Ниже представлен полный текст сборника, который сверял с оригиналом. Пунктуацию сохранил. В орфографии минимальные изменения. К сожалению, в последующих изданиях стихотворений сборника эти изменения были довольно заметные. В том числе и потому, что некоторые стихотворения (напр., «Инок») были во многом переработаны.
В Полном собрании сочинений Есенина (1995-2002) стихотворение «Инок» приведено совсем в иных редакциях. В стихотворении «Троица» в последующем утрачены 6 важных строк, которые связывали вместе «Кручину» и «Троицу».
Ряд стихотворений сборника (не только этих двух) в последующем утратил авторские названия (представлены лишь по первой строке). Но и здесь другие редакции привели к смене исходных названий… «Не с бурным ветром тучи тают» — в Полном собрании Есенина в иной редакции: «Не ветры осыпают пущи». Аналогично «Край родной, поля, как святцы» — «Край любимый! Сердцу снятся».

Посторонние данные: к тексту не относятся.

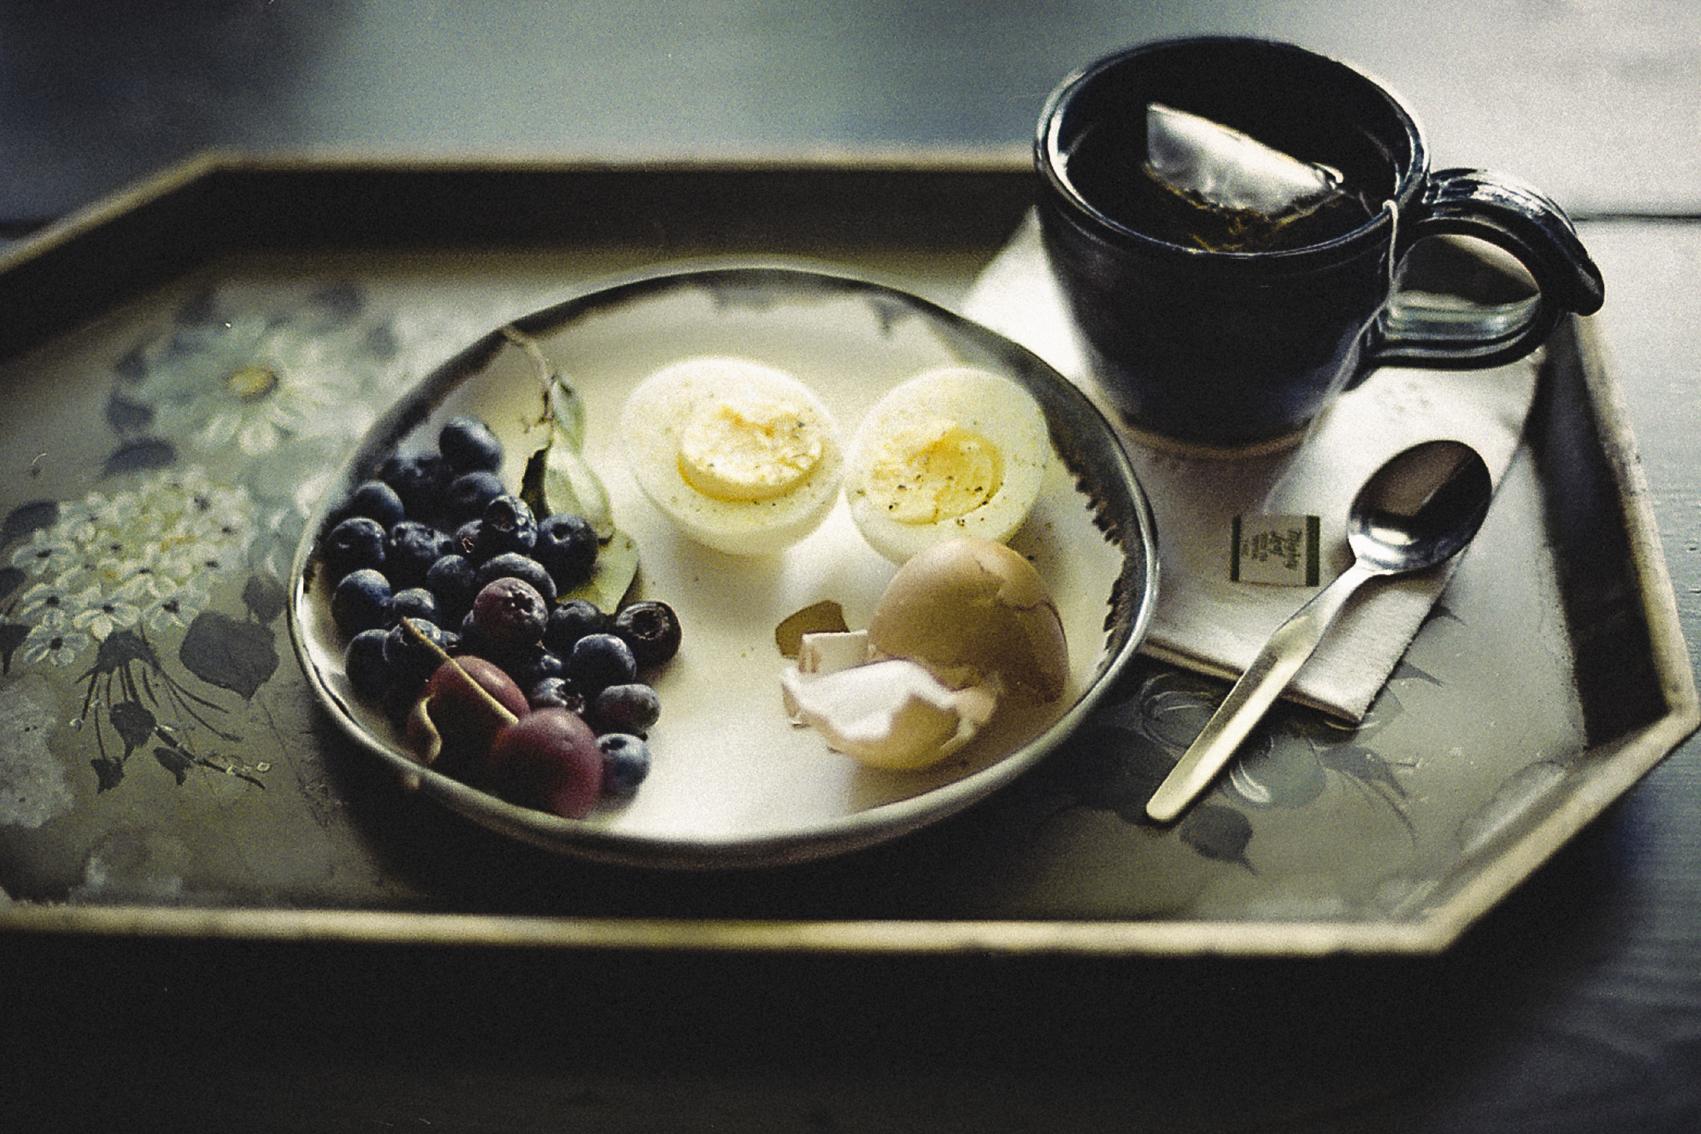 Breakfast_onTray.jpg
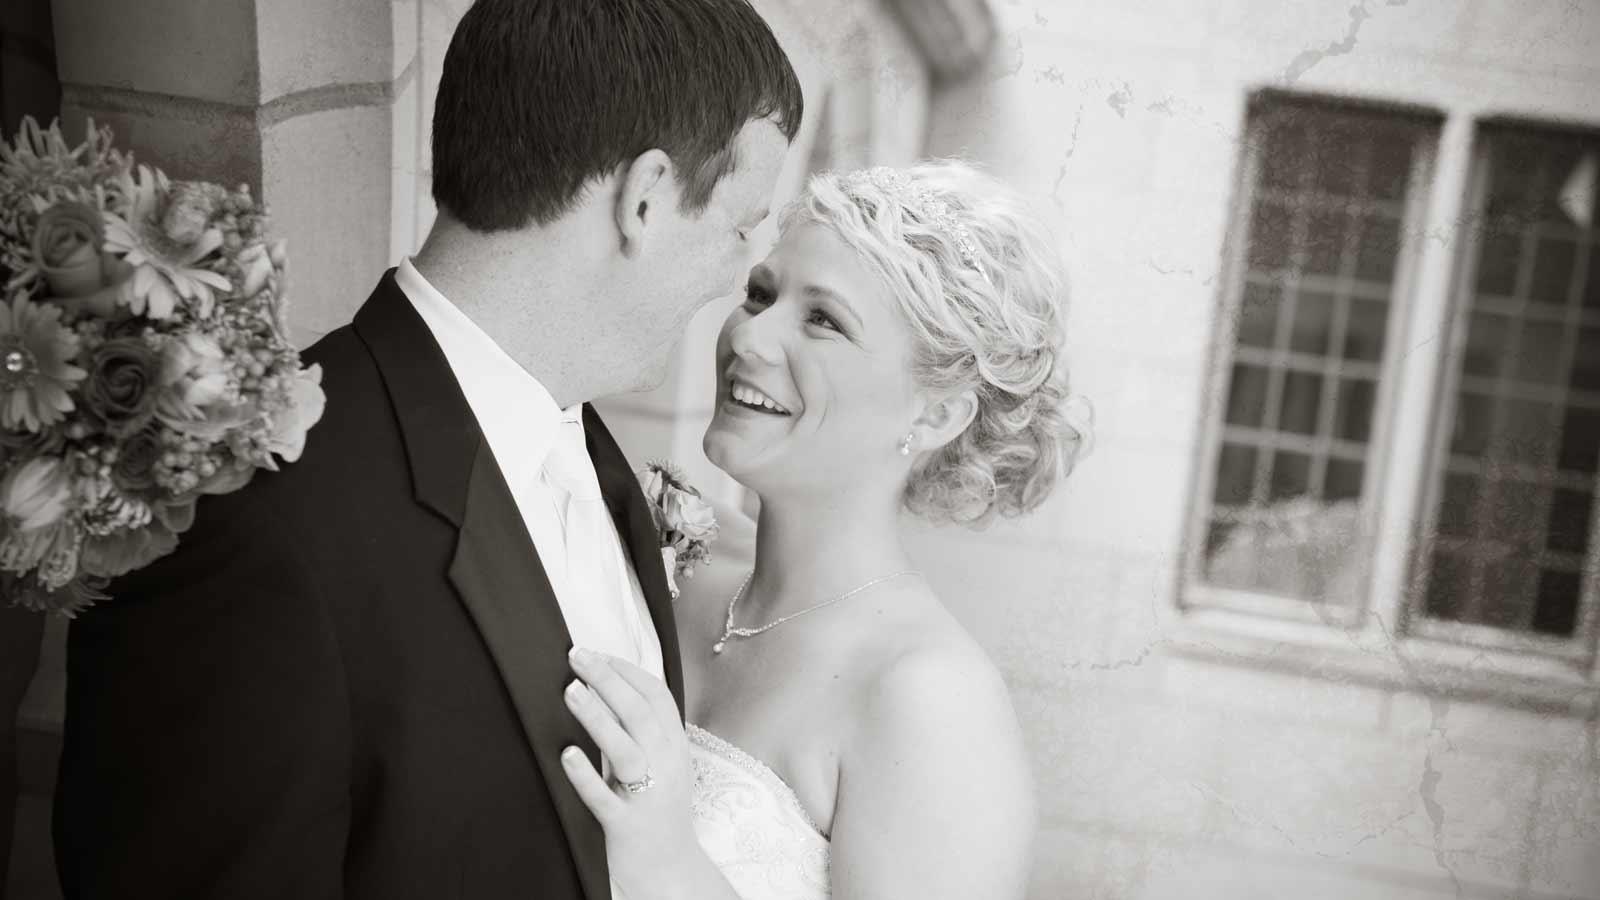 Wedding photo ideas - Obrázok č. 11

Разница подчас велика. Сопоставьте
Край любимый! Сердцу снятся
Скирды солнца в водах лонных,
и то, как эти первые две строки были в оригинале сборника «Радуница» (1916)…
Край родной, поля, как святцы,
Рощи в венчиках иконных…
«Я странник улогий». Улогий, а не убогий, как было в более поздних редакциях. Это не опечатка. Есенин признавался, что некоторые деревенские слова первого издания пришлось заменить на более понятные и знакомые.
Ниже в оглавлении дано соответствие. Слева — название в оригинале 1916 г., справа — в Полном собрании сочинений.
Степень расхождений в текстах (оригинал и Полное собрание сочинений) помечена звёздочками: одна (*) — небольшие расхождения (в основном пунктуация); две (**) — расхождения в тексте. Отсутствие звёздочек в скобках — совпадение редакций (с точностью до орфографии).
т.1. Стихотворения.
т.2. Стихотворения (Маленькие поэмы).
т.4. Стихотворения, не вошедшие в «Собрание стихотворений».
• Микола ——| Микола (*), т.2.
• Инок ——| Пойду в скуфье смиренным иноком (**), т.1.
• Калики ——| Калики (*), т.1.
• Не с бурным ветром ——| Не ветры осыпают пущи (**), т.1.
• Задымился вечер ——| Задымился вечер, дремлет кот на брусе (), т.1.
• Гой ты, Русь, моя родная ——| Гой ты, Русь, моя родная (*), т.1.
• Богомолки ——| По дороге идут богомолки (), т.1.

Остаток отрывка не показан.